That said, EFI-based computers boot by storing boot loaders on the EFI System Partition (ESP), which is a FAT32 partition on the hard disk. If you completely wipe the disk, you'll also wipe the ESP. This isn't really a problem in your scenario because, as you discovered, an EFI-based OS (including recent versions of Windows, Linux, and others) will create a fresh ESP if one doesn't already exist when you install the OS. Multiple OSes' boot loaders can reside on a single ESP, although of course that's not important if you're booting just one OS.

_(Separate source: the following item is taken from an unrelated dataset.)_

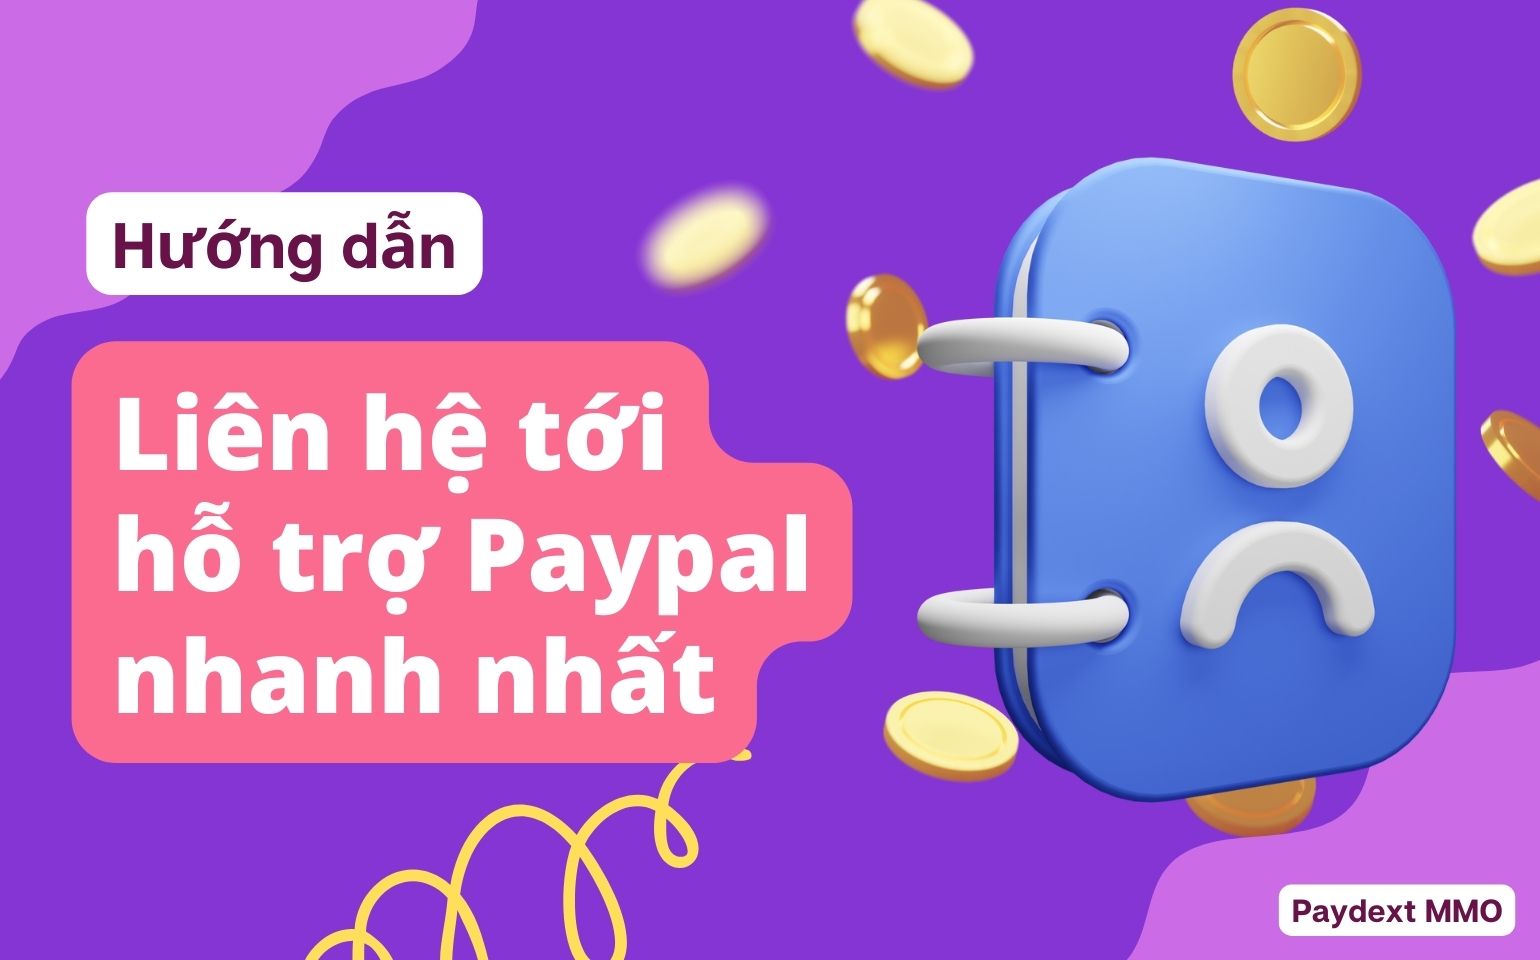 Liên hệ hỗ trợ Paypal Việt Nam
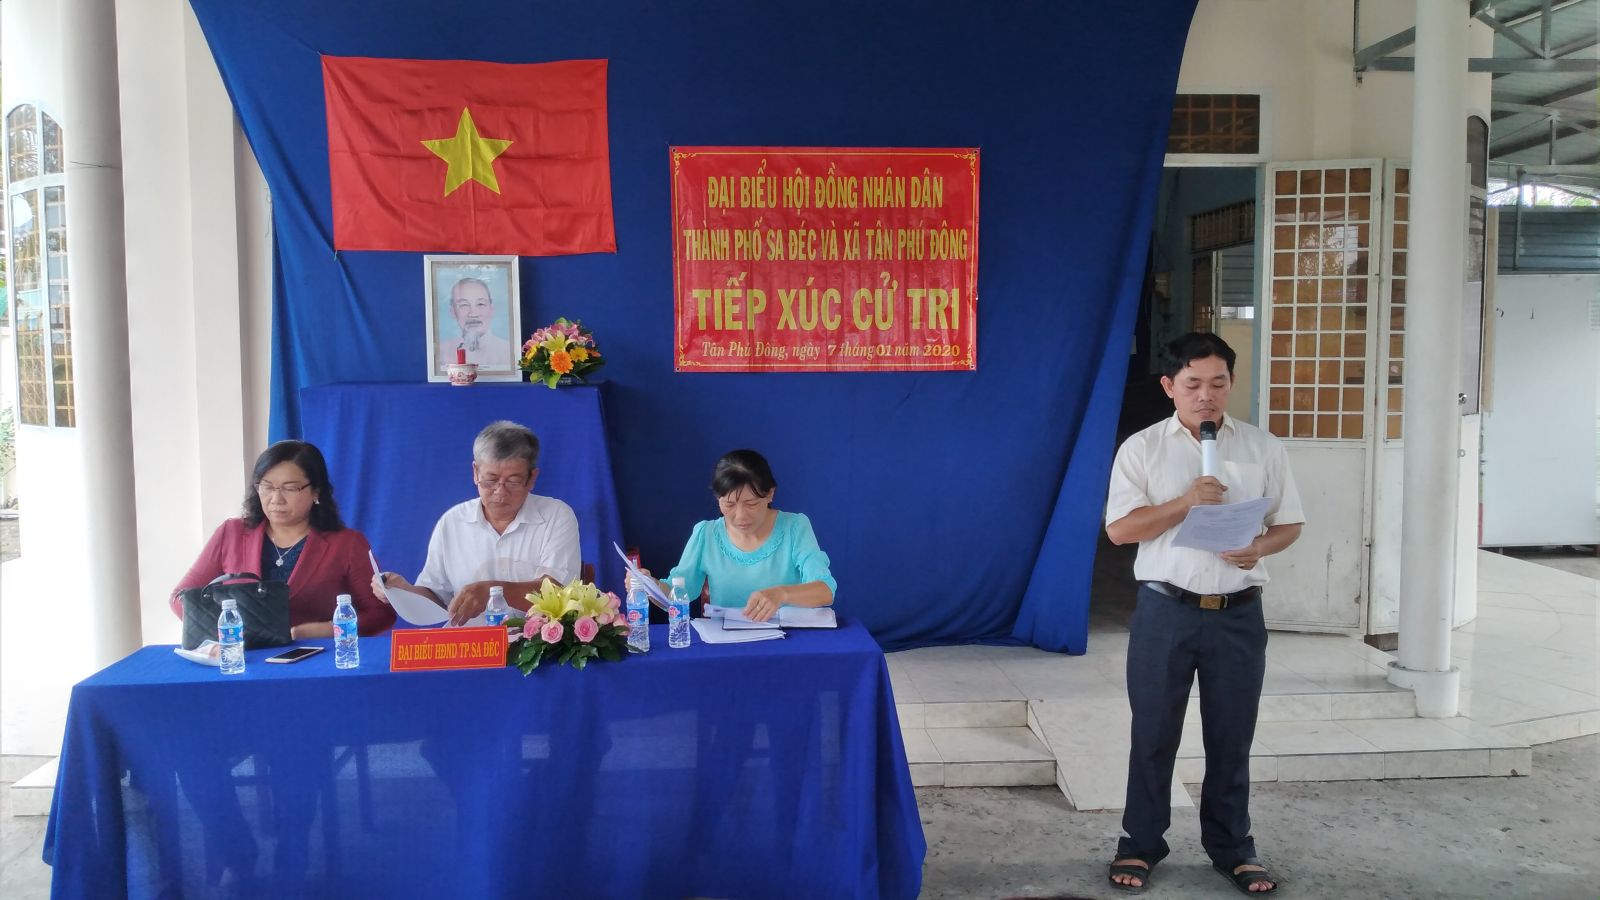 Tổ Đại biểu HĐND Thành phố Sa Đéc đơn vị xã Tân Phú Đông

Another point deserves mention: EFI boot loaders can be named just about anything; they're ordinary files on the ESP. In order to know what boot loader to use, EFIs store that information in NVRAM. When you wipe a hard disk, you remove the boot loaders, but the NVRAM entries may remain behind. This shouldn't be a problem, since the EFI will either delete the entry for the (now-nonexistent) boot loader or will ignore it. When you re-install, a fresh NVRAM entry will be created. I mention this mainly because it could be relevant in some other scenarios -- for instance, if you remove the hard disk to boot some sort of emergency system, the EFI might erase your boot entry, so when you restore your hard disk, it might no longer boot. Also, some EFIs have problems managing their NVRAM entries; they sometimes disappear without cause or become corrupted, causing an inability to add new entries. The point of this is that the reliance on NVRAM is a weakness of EFI that can cause problems if you don't understand it -- or even if you do understand it but your EFI is buggy. It's just something to be aware of when you re-install an OS, set up a dual boot, or otherwise adjust the way your computer boots.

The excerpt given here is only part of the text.